How does picking up after our leopards help save tigers in Indochina??
Big Cat Rescue was recently contacted by the Sr. Program Officer of World Wildlife Fund’s Asian Species Conservation Program asking for assistance with a major initiative in tiger conservation. In mid-December, WWF will begin their 5 month program “Tiger Conservation in the Cambodian Eastern Plains.” This 4.5 million acre area of Cambodia, once termed “the Serengeti of Asia,” possesses a globally outstanding landscape for biodiversity and is one of the highest priority tiger conservation areas in the world. It provides a one-of-a-kind opportunity to save the tiger, along with a host of other species including the Asian elephant, Eld‟s deer, wild water buffalo, gaur, banteng, leopard and dhole. The first step of this project is to complete an occupancy survey of this vast, remote area.

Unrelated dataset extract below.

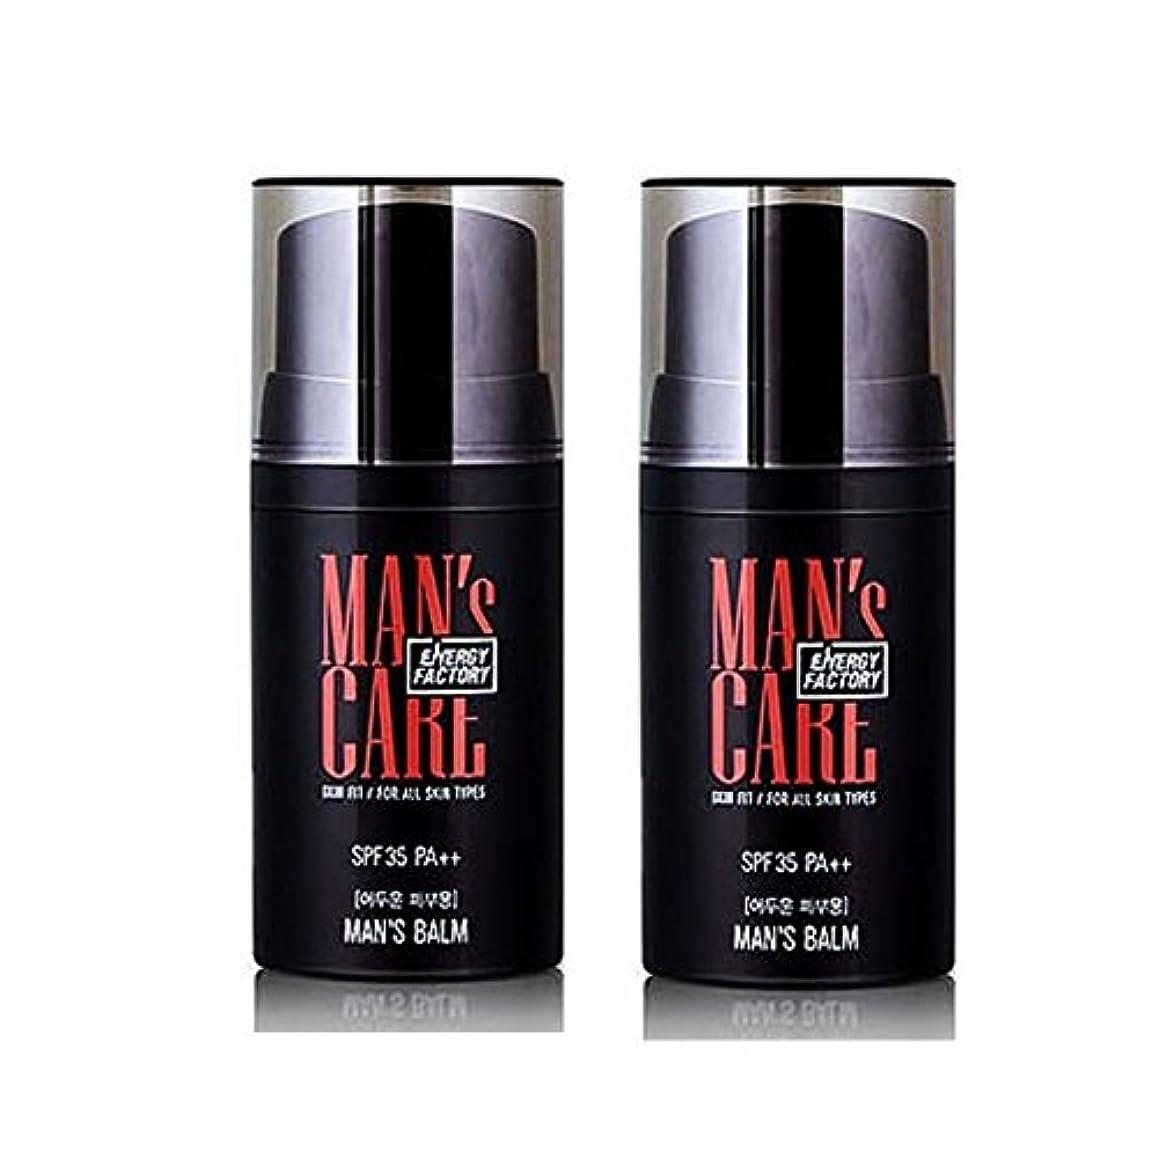 キャメル報復する裏切りメンズケアエネルギーファクトリースキンフィット?マンズ?Balm 50ml x 2本セット(明るい肌用、暗い肌用) メンズコスメ、Man's Care Energy Factory Skin Fit Man's Balm...

Big Cat Rescue’s Asian leopards will play an important role in this plan. Over the next few weeks, dogs will be trained to recognize large carnivore scat (fecal material) by a team at the Univ. of Washington’s Center for Conservation Biology. Having tracked grizzlies and brown bears in Canada, these energetic detection dogs were originally rescued from shelters. They have undergone intensive training and now have rewarding careers in conservation research (more info: http://depts.washington.edu/conserv/conservation_canines_program.html)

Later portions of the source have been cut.